- Origin: Helsinki, Finland
- Genres: Pop, pop rock
- Years active: 2010–2018
- Labels: Sony Music
- Members: Kristian Westerling Axel Kalland Paul Uotila Olli Halonen

= Satin Circus =

Finnish pop band

Satin Circus was a Finnish pop band founded in 2010. The group was born out of the desire of four friends to play positive and energetic pop music together.
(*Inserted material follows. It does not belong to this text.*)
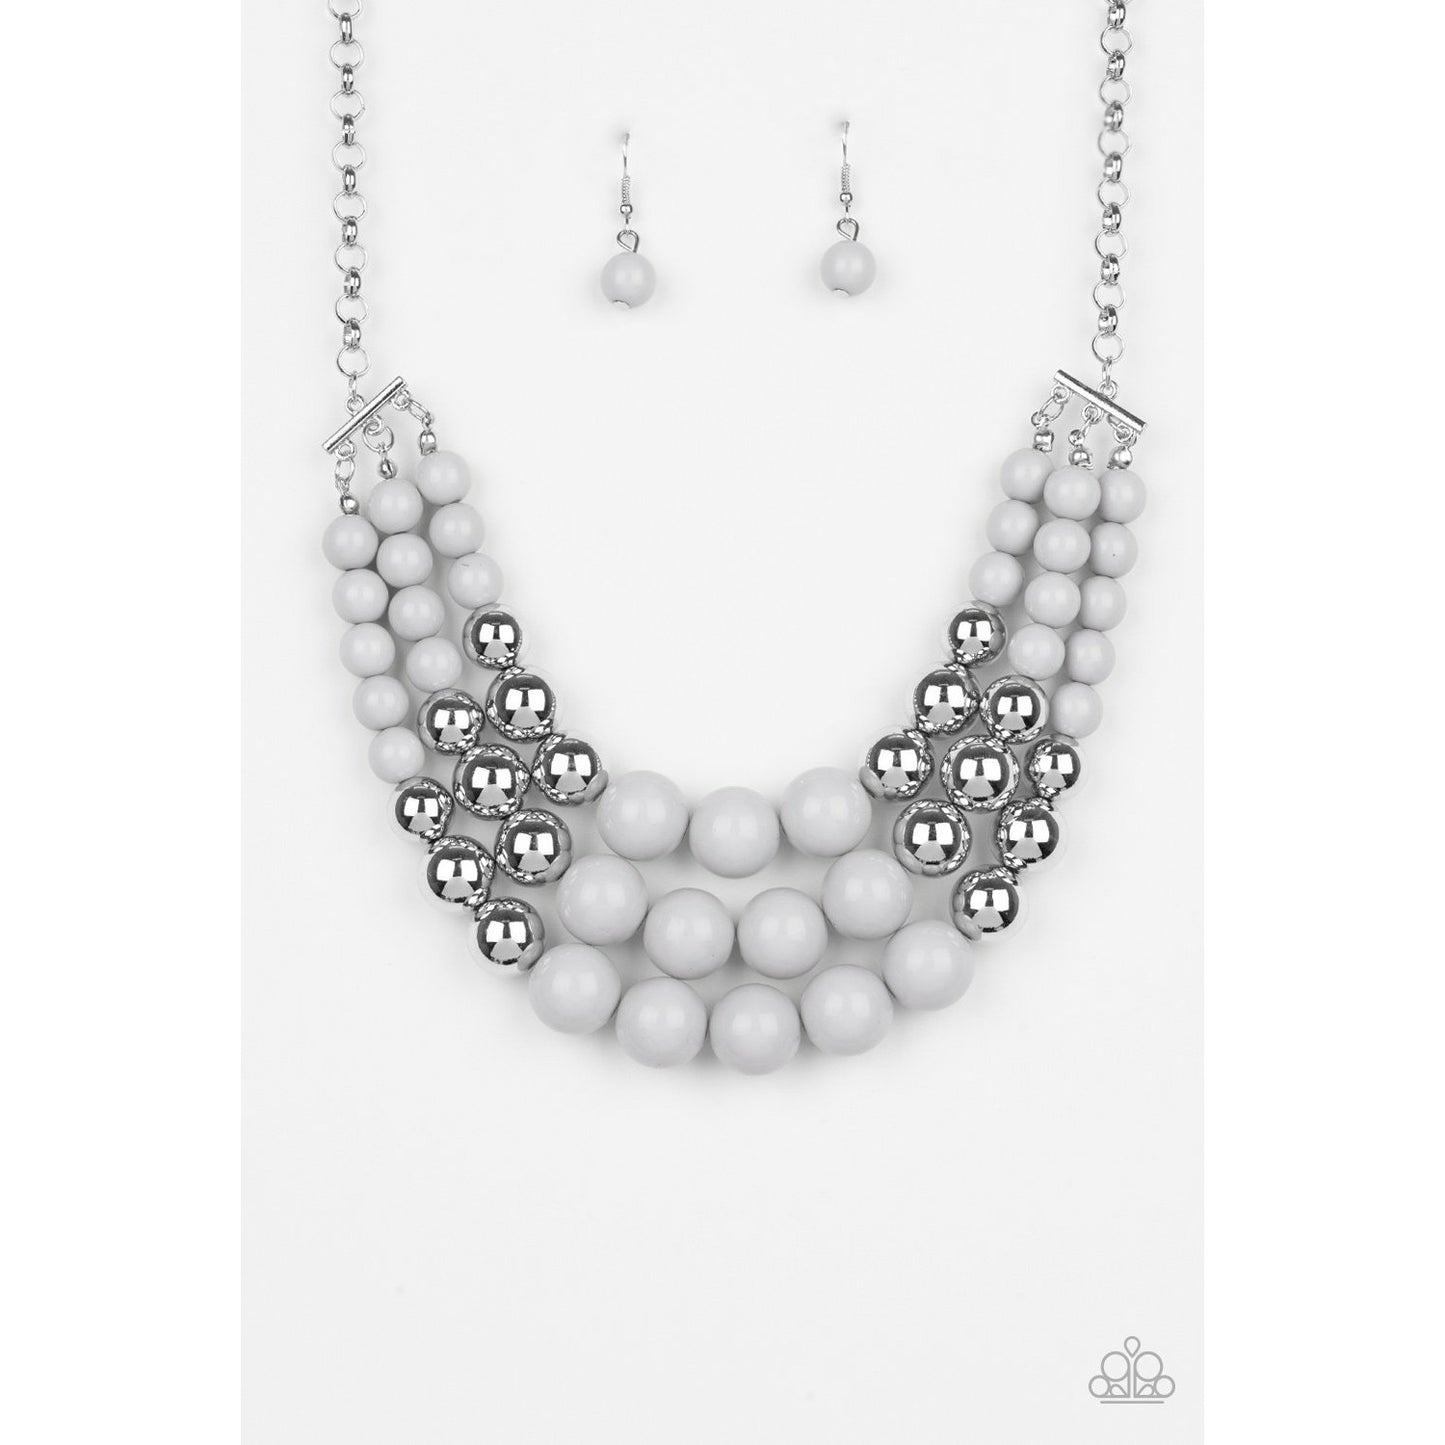 Dream Pop - Silver necklace
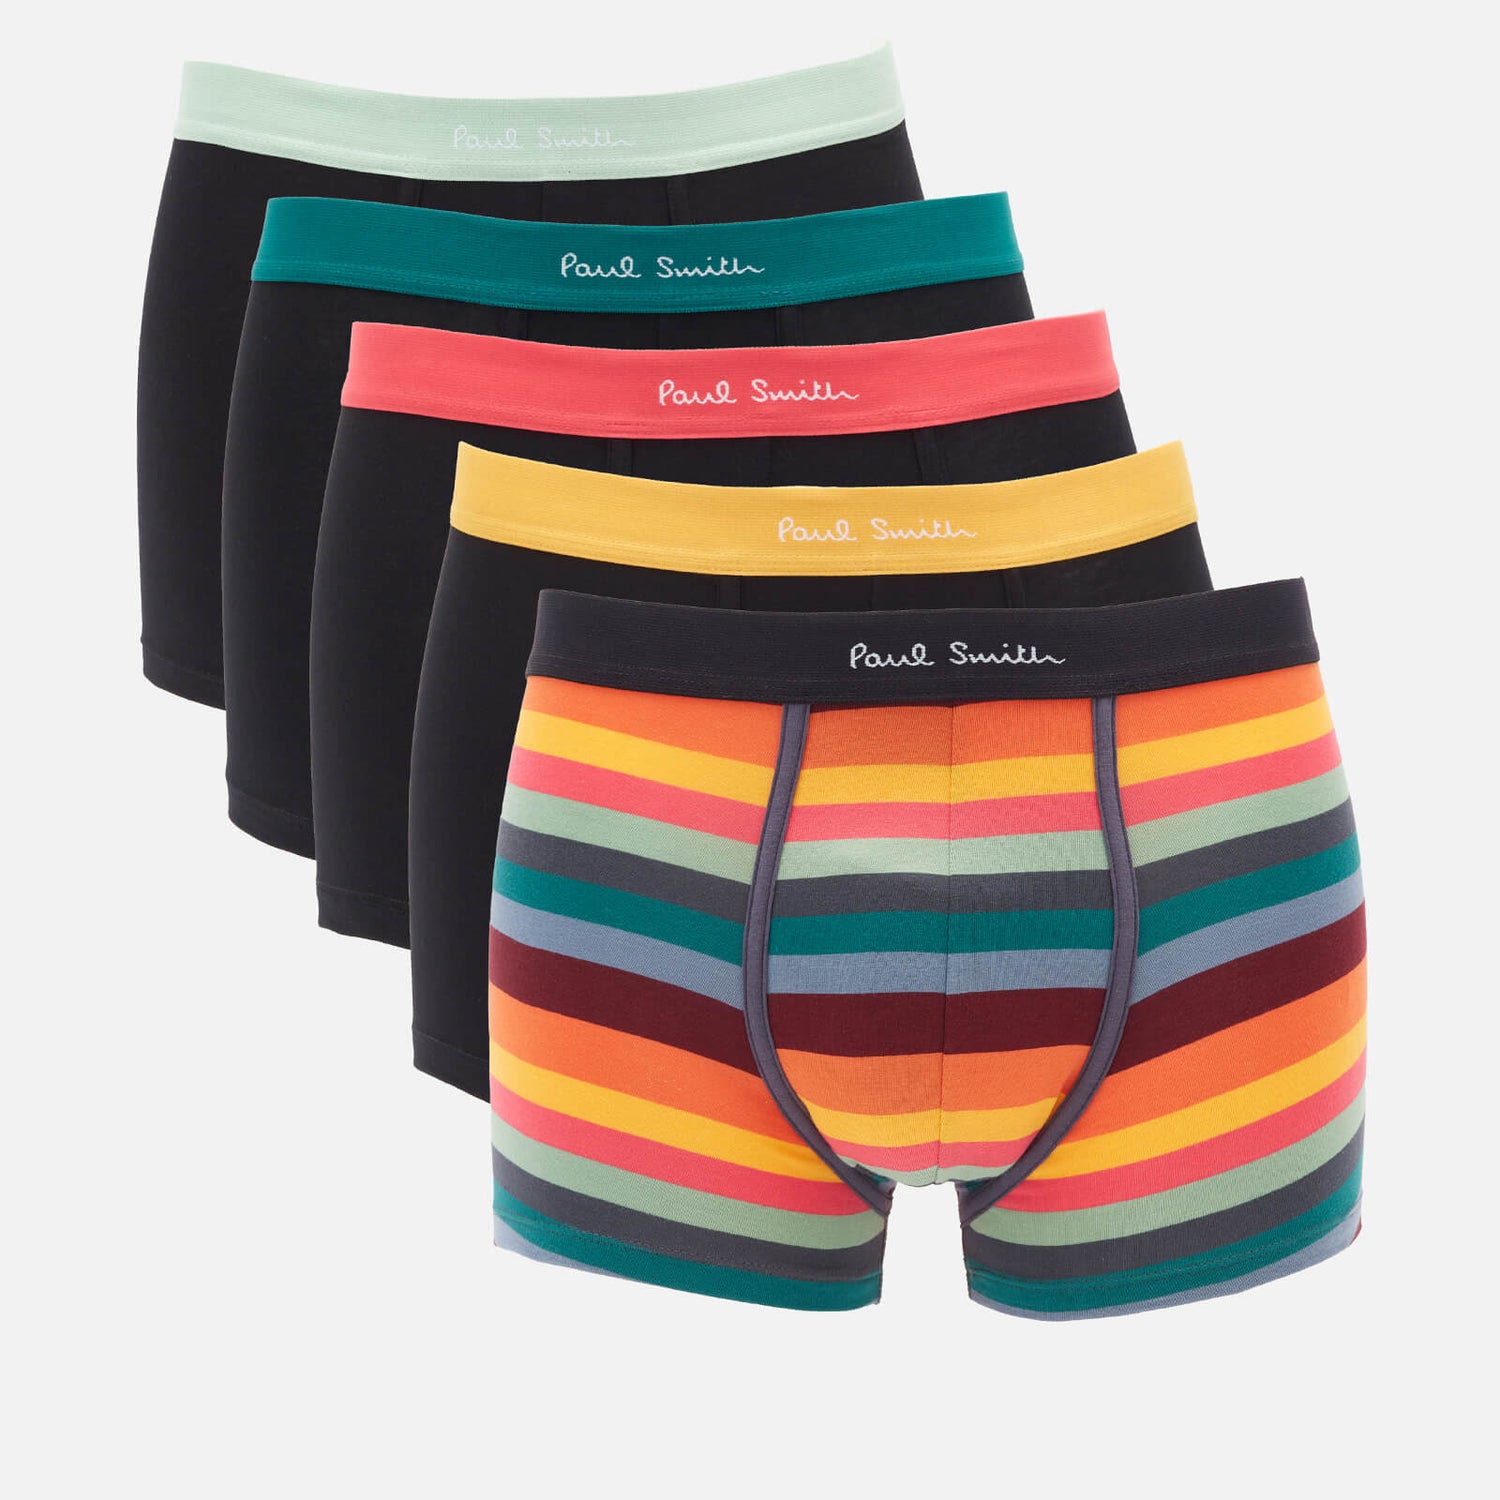 PS Paul Smith Men's 5-Pack Trunk Boxer Shorts - Black/Stripe - S

The band released their first studio album, Expectations, on February 14, 2014. The band took part in Uuden Musiikin Kilpailu 2015, the Finnish selection for Eurovision Song Contest 2015 with the song "Crossroads". The band finished second, losing only to Pertti Kurikan Nimipäivät.

== Members ==
- Kristian Westerling – Lead vocals, guitar
- Axel Kalland – Keyboards, saxophone, backing vocals
- Paul Uotila – Lead vocals from 2015, Bass
- Olli Halonen – Drums, backing vocals

== Discography ==

| Year | Album | Peak positions | Certification |
FIN
| 2014 | Expectations | 12 |  |

=== Singles ===
- "EMMA" (2013)
- "If You Love Me" (2014)
- "Crossroads" (2015)
- "Come back" (2015)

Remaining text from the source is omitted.